Without subtracting foreign exchange, stock-based compensation, and other one-time costs, Facebook earned $0.09 a share, or a penny better than the consensus data compiled by AOL DailyFinance. Revenue increased 38 percent year-over-year as Facebook's installed user base grew to 1.11 billion, up 23 percent over the same period.
Efforts to attract more mobile users also seem to be taking hold. More than 750 million people now access the social network via smart devices, up 54 percent year over year.
Instagram, the controversial photo network accessed via smart devices, reached 100 million active users who may soon see ads in their feeds. Revenue from mobile ads delivered via the Facebook app rose 30 percent.
That mobile momentum is coming at a good time. "Home," Facebook's social app layer for Android phones that some see as a shot across Google's (GOOG) bow, hasn't exactly been a hit among the tech-savvy.
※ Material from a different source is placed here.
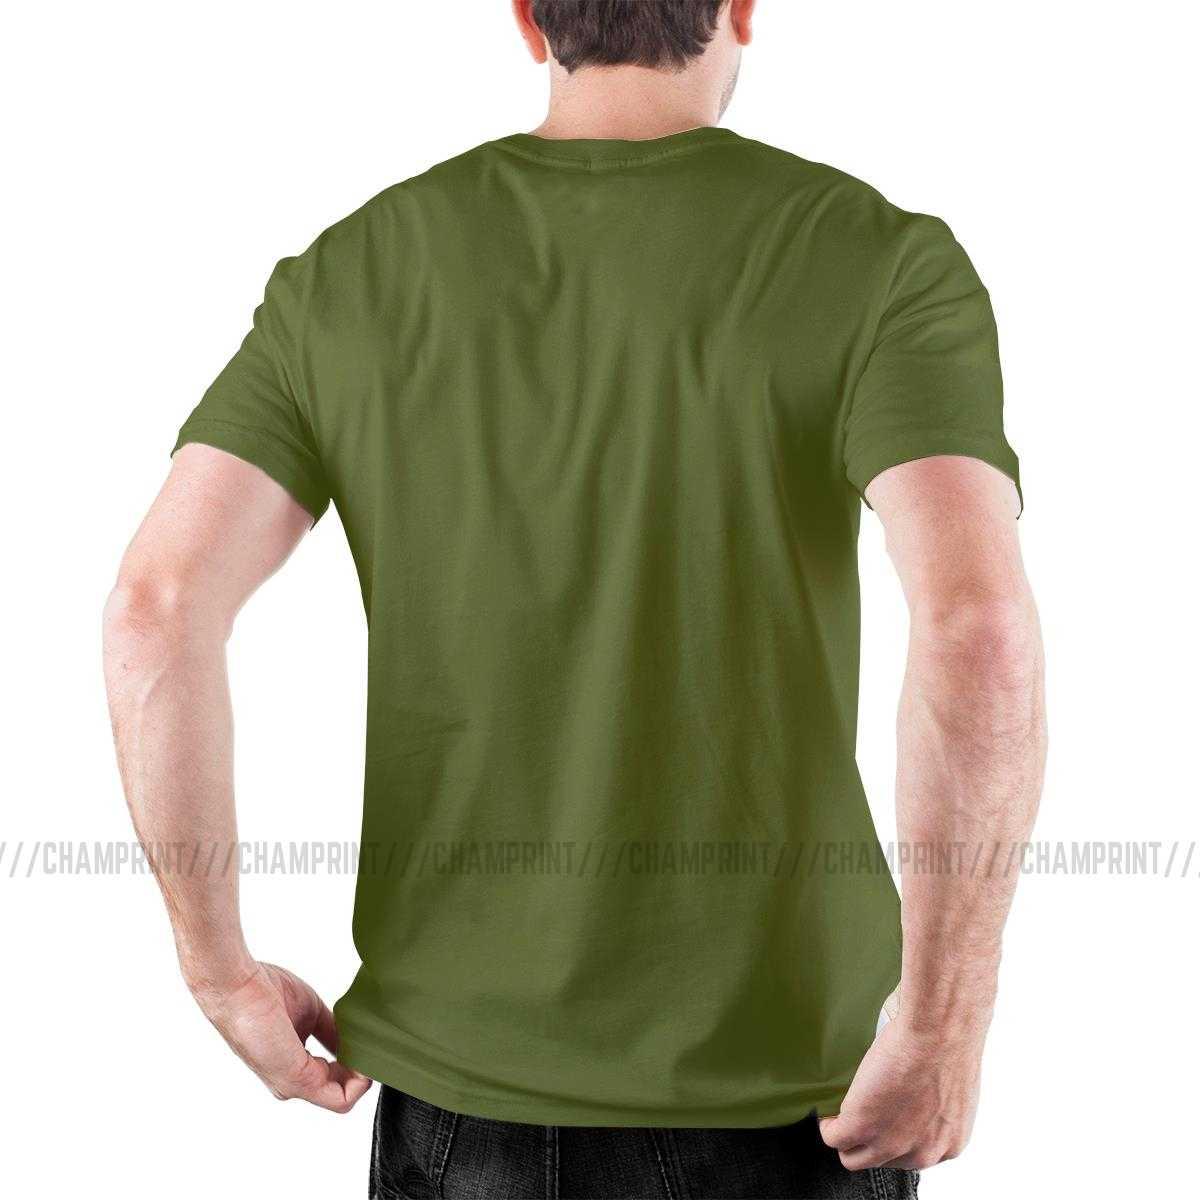 Geist Strand Gänsehaut T-Shirts für Männer Haunted Halloween Monster Buch Film Comic Super Baumwolle Tees Kurzarm T Hemd

The better news for investors? Facebook is earning more from its business now than it did even one quarter ago:
Earnings Per Share
Sources: AOL DailyFinance, Facebook, Facebook.
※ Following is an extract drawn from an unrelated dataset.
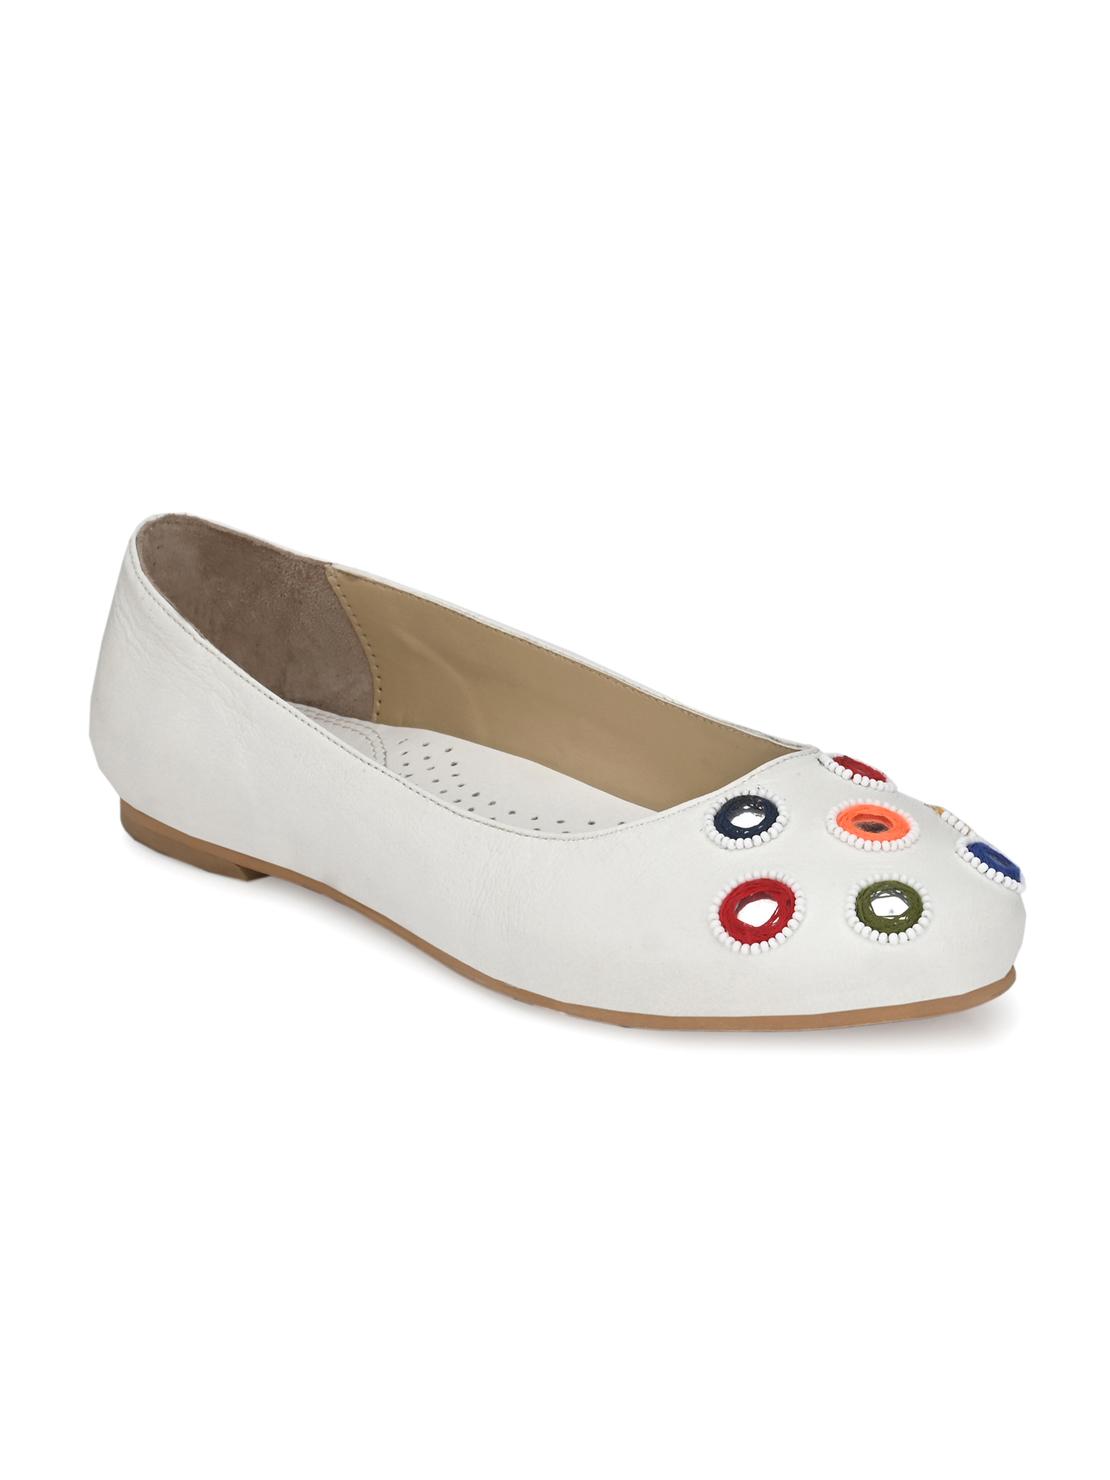 AADY AUSTIN | Aady Austin Women's Trendy White Round Toe Flats

"We've made a lot of progress in the first few months of the year," said Facebook founder Mark Zuckerberg in a press release. "We have seen strong growth and engagement across our community and launched several exciting products."
He's no doubt right. Trouble is, investors and Wall Street -- which once regarded Facebook as a $100 billion enterprise -- are still looking for much more.
Motley Fool contributor Tim Beyers owned shares of Google at the time of publication. The Motley Fool recommends Facebook and Google. The Motley Fool owns shares of Facebook and Google. For further analysis of the social network's mobile ambitions, try our newest premium research report in which we dissect Facebook's expanding empire and tell you whether there's reason to "like" the stock for your portfolio.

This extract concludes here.